Suggestions for Peripheral Intervention
While our main purpose in the cardiac cath lab is diagnostic and interventional cardiology, we are seeing a great many peripheral cases being performed. The risk factors of coronary artery disease and peripheral arterial disease (PAD) overlap and it makes sense to screen and perform interventions on patients when indicated. Patients that have known coronary disease should also be evaluated for PAD.
Some of the peripheral cases we perform include chronic total occlusions (CTOs) of the superficial femoral artery (SFA) (Figure 1-2). It may take some time crossing with a wire or crossing device on the proximal cap of the CTO. If trying to cross the CTO cannot be accomplished on the proximal cap of the SFA, gaining access distally may be a better option. Gaining access from a pedal or popliteal artery site is becoming more common. As we perform these interventions, we have access to the distal vessels to manipulate the guidewire up through the CTO from the distal cap first. Crossing the CTO with success from the distal cap works nicely most of the time. We have seen that the distal cap of the occlusion tends to be more crossable than the proximal cap. Once crossed and with verification that the wire is in the lumen of the vessel, the decision is made on what size sheath will be inserted. Depending on whether there are multiple lesions other than the CTO of the SFA, and whether your working access point is going to be from the distal access or from the femoral area, it might require a larger-size sheath. If you choose to work from the femoral area that is probably already accessed from the diagnostic films, then wiring through the lesion and into the sheath that is already across the bifurcation of the iliacs is a good method. Since your wire will be exchange length, grasping the wire tip is easily done. This way, you always have wire access during the entire procedure. The physician’s interventional plans determine the course of action that will be taken. If your interventional plans require you to use a smaller or larger wire (depending on what wire is used to make the initial crossing), the wire can always be exchanged out for a different size. Once the CTO is opened with a balloon, you can always change out the wire using a catheter such as the Seeker Crossing Support catheter (Bard PV) (or the physician’s preferred catheter). This is normally done if the physician decides to use an intravascular ultrasound (IVUS) catheter or any other device that requires the wire to be changed out (Volcano has both an .014 and .038 IVUS catheter).
Once your intervention is finished, you will have two access points to close. If your femoral access point is suitable for a closure device, it is always a good way to close the artery. However, since these patients have peripheral disease, that area might not be suitable. If you used an access device such as Axera 2 (Arstasis, Inc.) in the beginning of the case, then waiting the appropriate time for the anticoagulation therapy before pulling the sheath is an acceptable choice.
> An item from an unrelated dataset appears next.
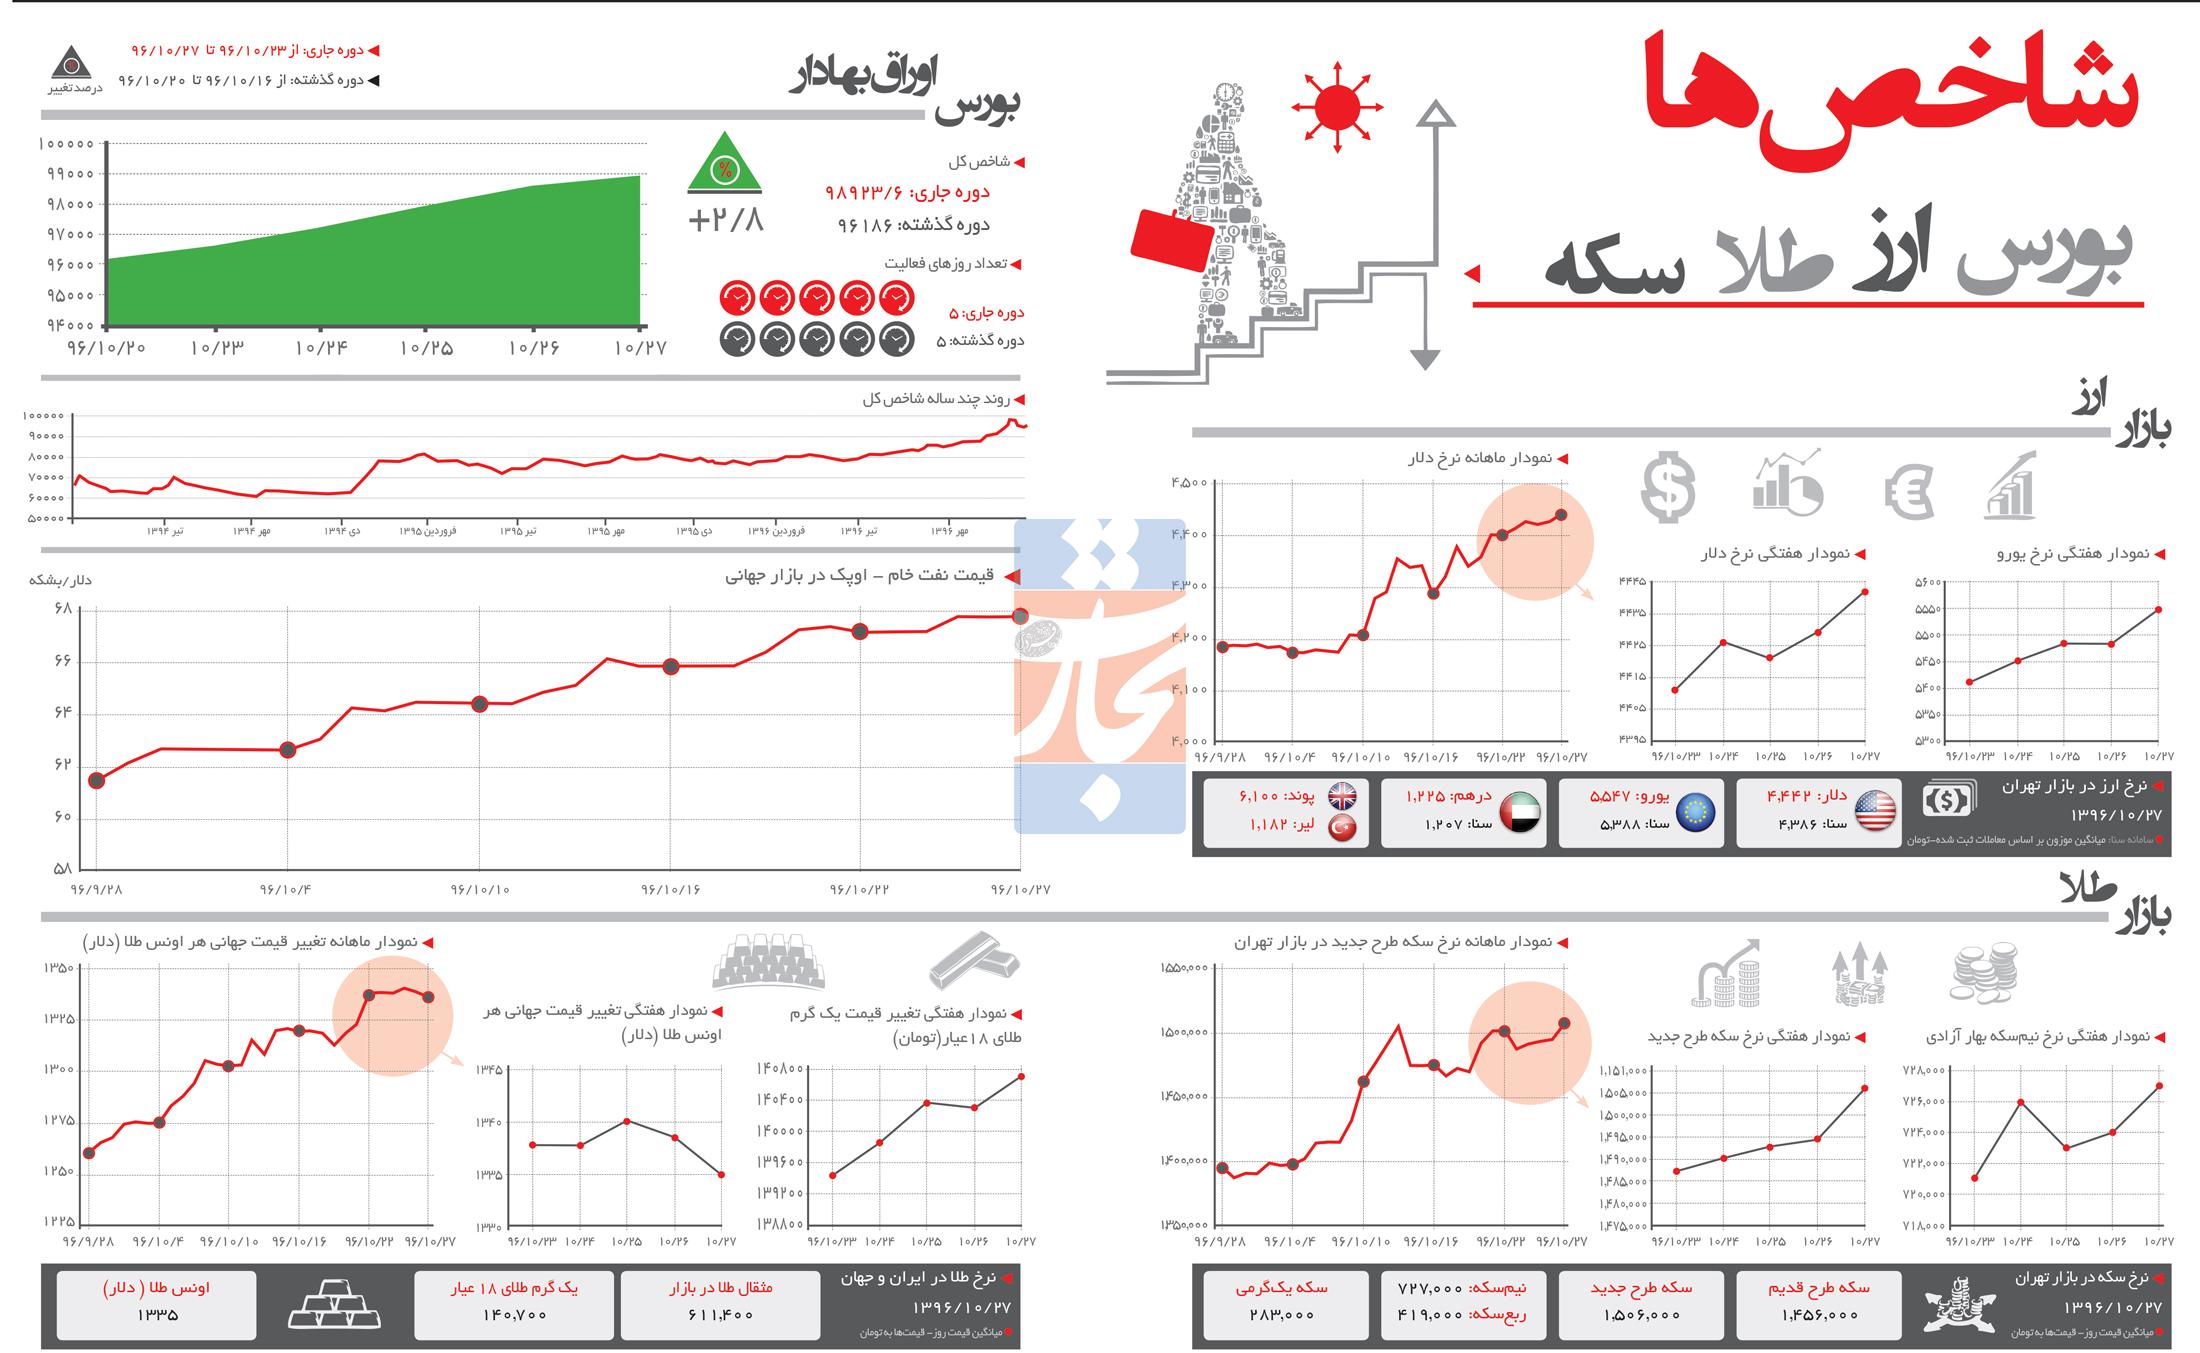 تجارت فردا- اینفوگرافیک- شاخصهای اقتصادی (255)

For your distal access point (such as pedal access), holding correct pressure is key. If the access was at the popliteal area, holding pressure must be with accurate precision. The technique for holding pressure at the popliteal site is up to the physician and the individual holding pressure. I use both hands when holding pressure at the popliteal site. I place my fingers directly on the artery and my hands wrapped around the leg (Figure 3). There are other acceptable ways of applying pressure as well. It depends on your facility and physician. Since holding at the popliteal site is different than holding pressure at other areas, you want to watch the area closely to ensure there is no bleeding behind the knee area. If bleeding occurs, there are a few options to stop it, including placing a covered stent at the access point to avoid surgery.
There are multiple access points that can be used for interventional access. If trying to cross an ostial iliac lesion, another access point is through the arm. Occasionally, if there is an ostial lesion of the iliac artery, using a crossover catheter (Cordis) might not supply enough support. If accessed from the arm, a long sheath can be placed closer to the lesion for more support.
These are a few techniques that are used in our lab. There are a number of ways to intervene on lesions and I have shared our experience with a few methods. If you are interested in more techniques or areas of interest for peripheral cases, I would be happy to assist.